We have a new-to-us project working with black ash research and indigenous basket makers. Black ash will likely be lost very quickly in Vermont, so we’re working to understand what that means ecologically in terms of local hydrology – and also culturally. Who should have these resources while we can still harvest them? For basket makers, there’s a whole process of pounding and storing splints. We have a graduate student from UVM working with us this year, setting up some black ash monitoring plots. We’ve really been trying to wrap our heads around the “community” of Urban & Community Forestry being black ash basket makers. Our communities are not just outlined by town lines, but there are people who have a shared interest. In this particular situation, that’s thousands of years of history on the land and Indigenous sovereignty to some of these materials. It’s hugely interesting and hugely complicated.

Urban and Community Forestry with Joanne Garton
Joanne (2nd from right) meets with volunteers at the Old Stone House Museum in Brownington, to discuss long-term tree health, new tree plantings, and the community’s vision to steward this historic tree canopy.

I think the correlation between my music and my work is really the teaching component. I’ve been teaching music and dance since I was about 16 and now teach fiddle, step dance, and Highland dance. I’ve been an urban forester for 5 years, but I’ve been a teacher for much longer. I use those teaching skills now in my work, whether it’s in a Zoom meeting, or teaching a 7th grade science class or a group of volunteers at museum grounds, or meeting with road crews and public works departments. There’s a lot of meeting your audience where they are both physically and in the subject matter – and enjoying it, hopefully. Having that comfort of being able to adjust to different learning styles. Being able to share what you know and still hear their questions. Even though I have a lot to learn about urban forestry and trees, it’s still very much about communicating to people why it’s important, encouraging people, making people feel empowered about what they’re doing.
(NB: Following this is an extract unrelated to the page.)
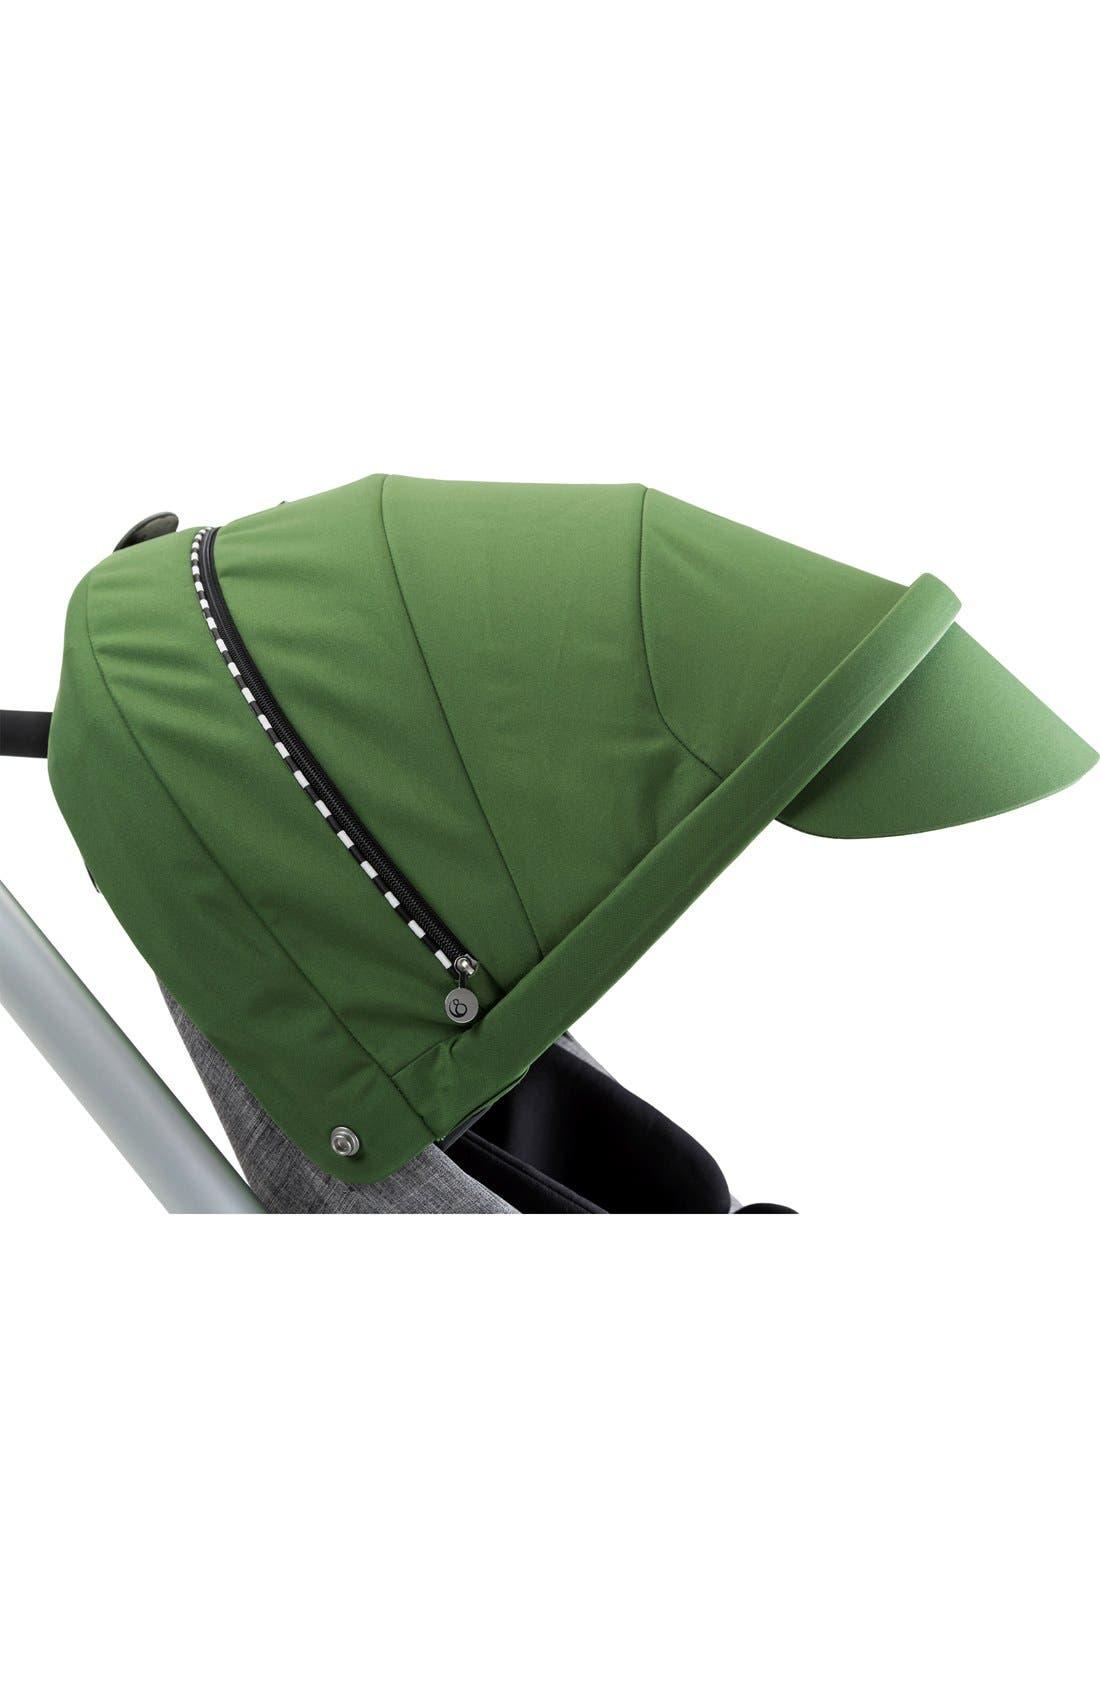 Alternate Image 2  - Stokke Scoot™ V2 Style Kit
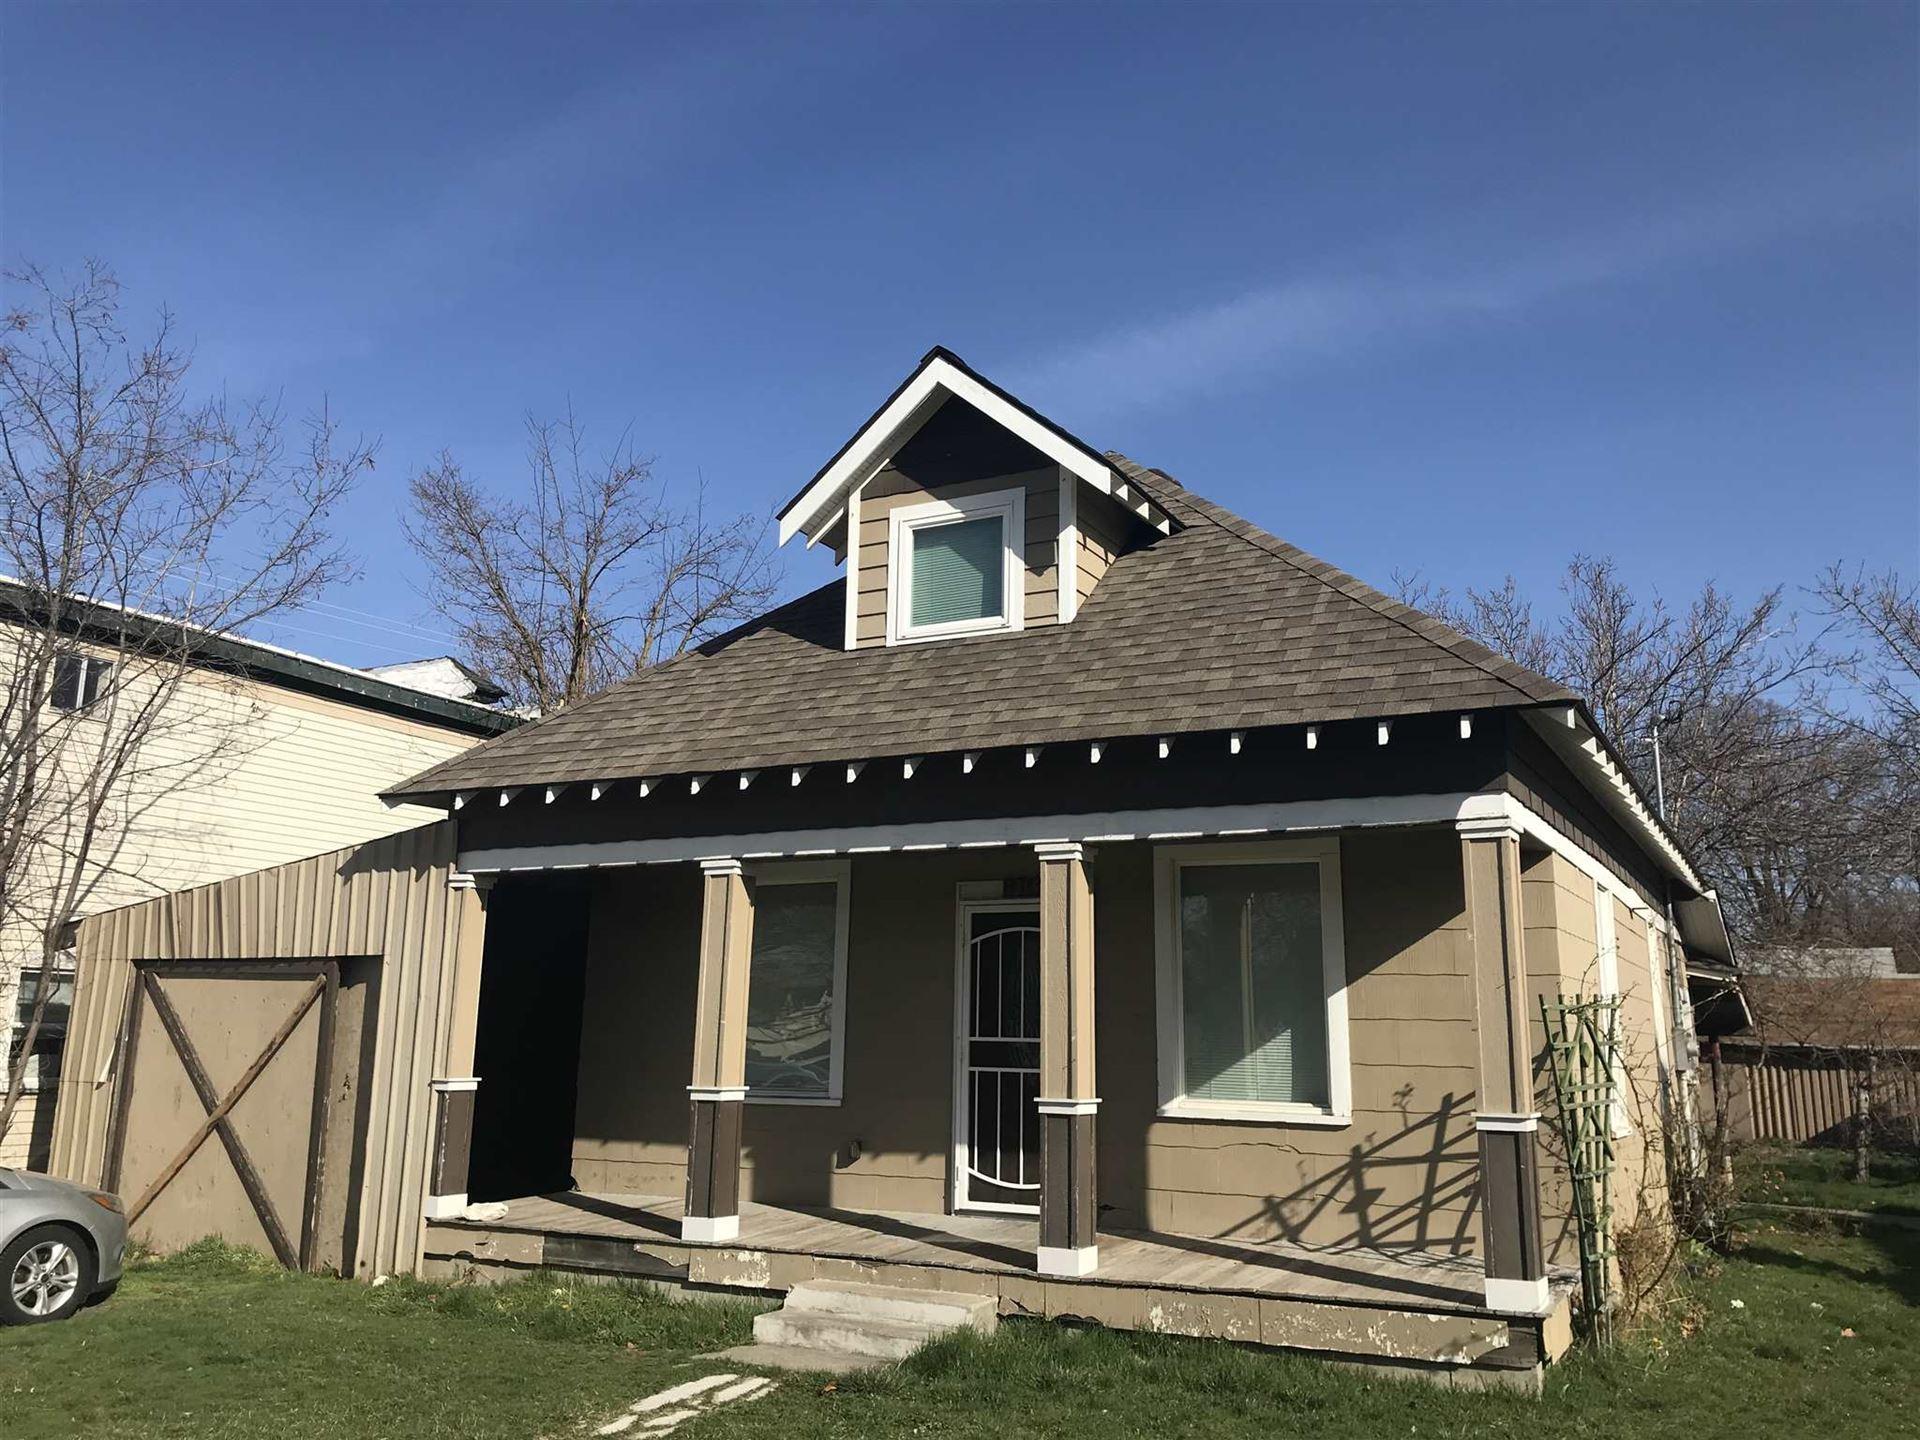 1314 W Cleveland Ave, Spokane, WA 99205 - #: 202113279

I do love working outside. I love field days. I love that they’re different, that you’re sweaty and tired. But with urban and community forestry, it really is all about the people. So hopefully the field work involves some cool trees, but it’s also about who you met, who talked with you, who your contact there is and what they wanted to talk about, and what the different opinions are. Sometimes you come prepared to inventory 100 trees and you inventory 20 trees and talk with the neighbors for four hours.

The term “urban and community forestry” was coined in the 1990s. It’s not something that people have been doing formally for generations. But there have been trees in built environments since forever – whether they were left as settlements were built, or they were planted in developed areas. That intersection of where the natural world and the built world meet is everywhere now. The built environment isn’t just sidewalks and roads, it’s powerlines, it’s mining, it’s fracking. Having people be happy and feel connected in their environment – whether that’s Montpelier or a small, rural town – is really important, because that’s the nature they see when they walk out the door or look out the window. Having people feel vested in all those pockets and how they’re connected is part of what urban and community forestry gets at. It’s a pretty limitless field if you’re willing to think broadly about it.

Discussion *

Jul 28, 2022

Joanne is full of energy and knowledge and always up for playing hard on the “tree team.” I so enjoy working with her.